The approval of Zelboraf in 2011 represented a first improvement in therapy for patients with advanced
melanoma. Zelboraf, which selectively inhibits the MAPK signalling mechanism in the cancer cell (the
mutated protein kinase BRAF), was able to prolong overall survival by 4 months (median overall survival
13.6 months) compared to the standard chemotherapy, dacarbazine.1-4
Researchers discovered frequent activation of a further protein kinase, MEK, in BRAF-mutant melanoma.
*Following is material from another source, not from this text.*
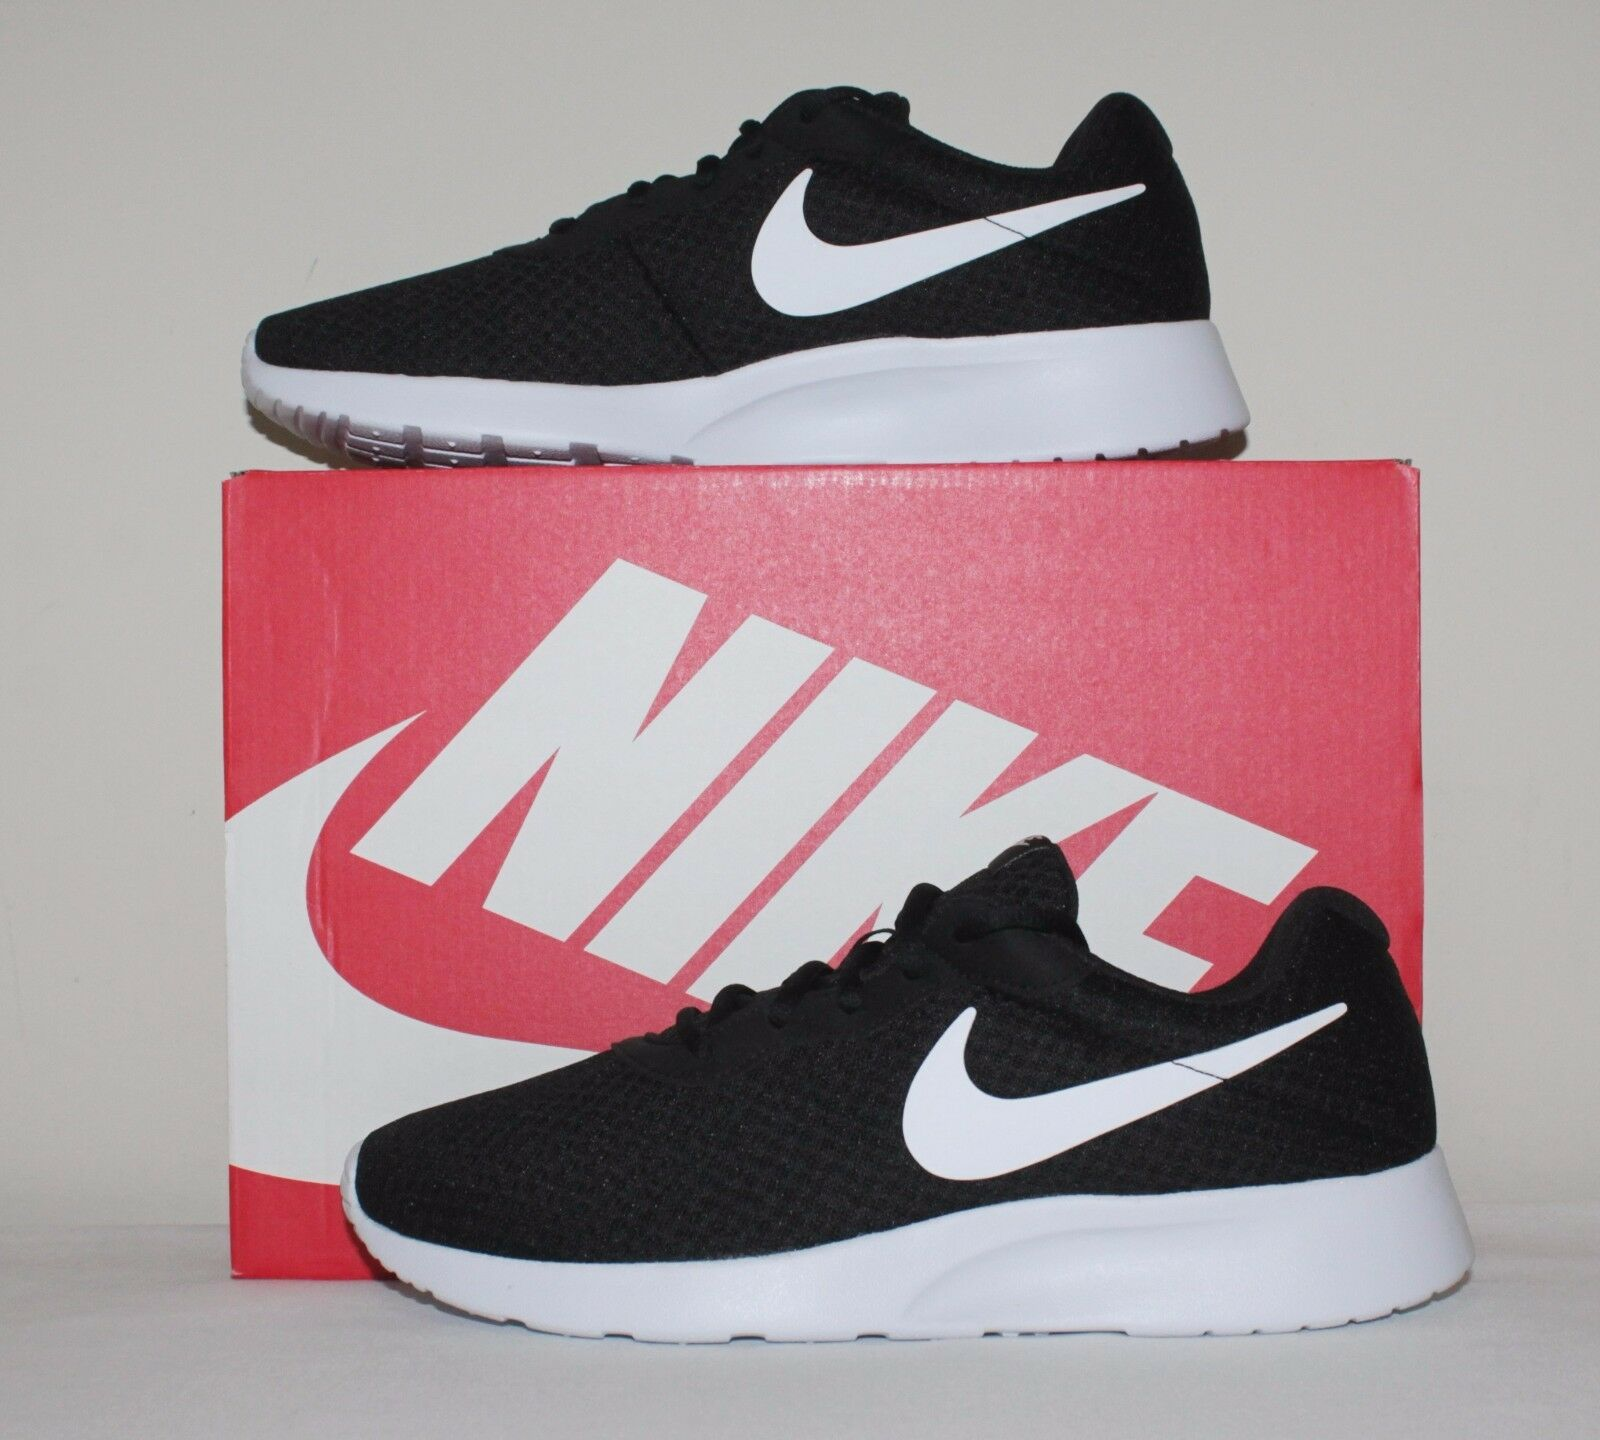 Zapatillas Zapatos Para Correr Nike Hombres Tanjun tamaño 7.5, con 8, 9.5, 10 Nuevo con 7.5, Caja 812654 011 051201
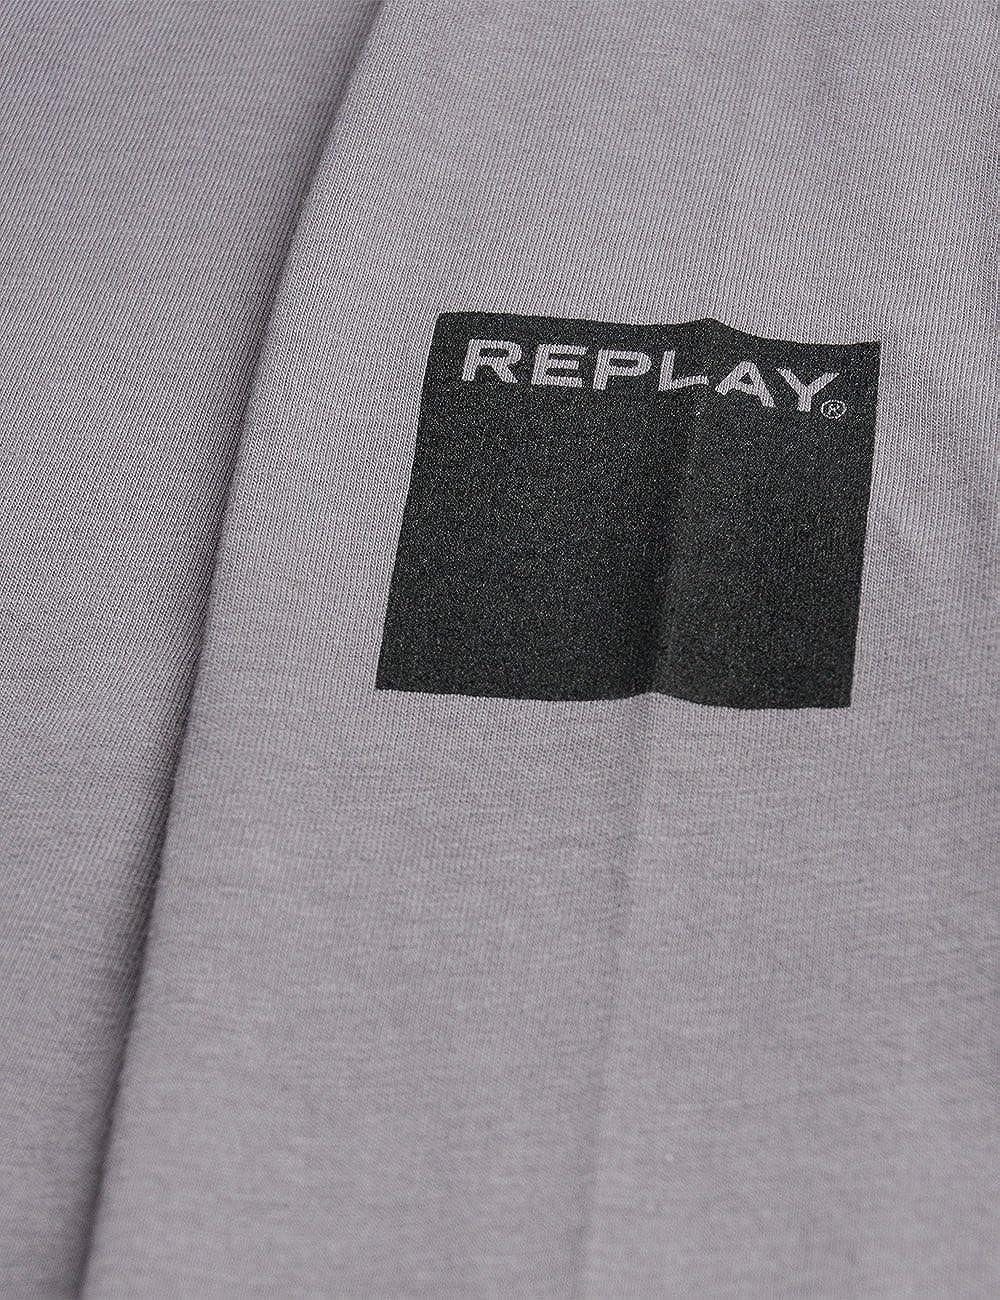 Replay Herren Langarmshirt B01N6EA2LO Langarmshirts Viele Viele Viele Sorten e2f1bb

This discovery led to the development of Cotellic, a MEK inhibitor. Dual inhibition of BRAF and MEK in the
MAPK signalling pathway was the second breakthrough in targeted melanoma therapy. The pivotal coBRIM
study showed that the combination of Cotellic and Zelboraf significantly prolongs the time to disease
progression. Median survival until disease progression was 12.3 months. The coBRIM data were published in
the New England Journal of Medicine in November 2014.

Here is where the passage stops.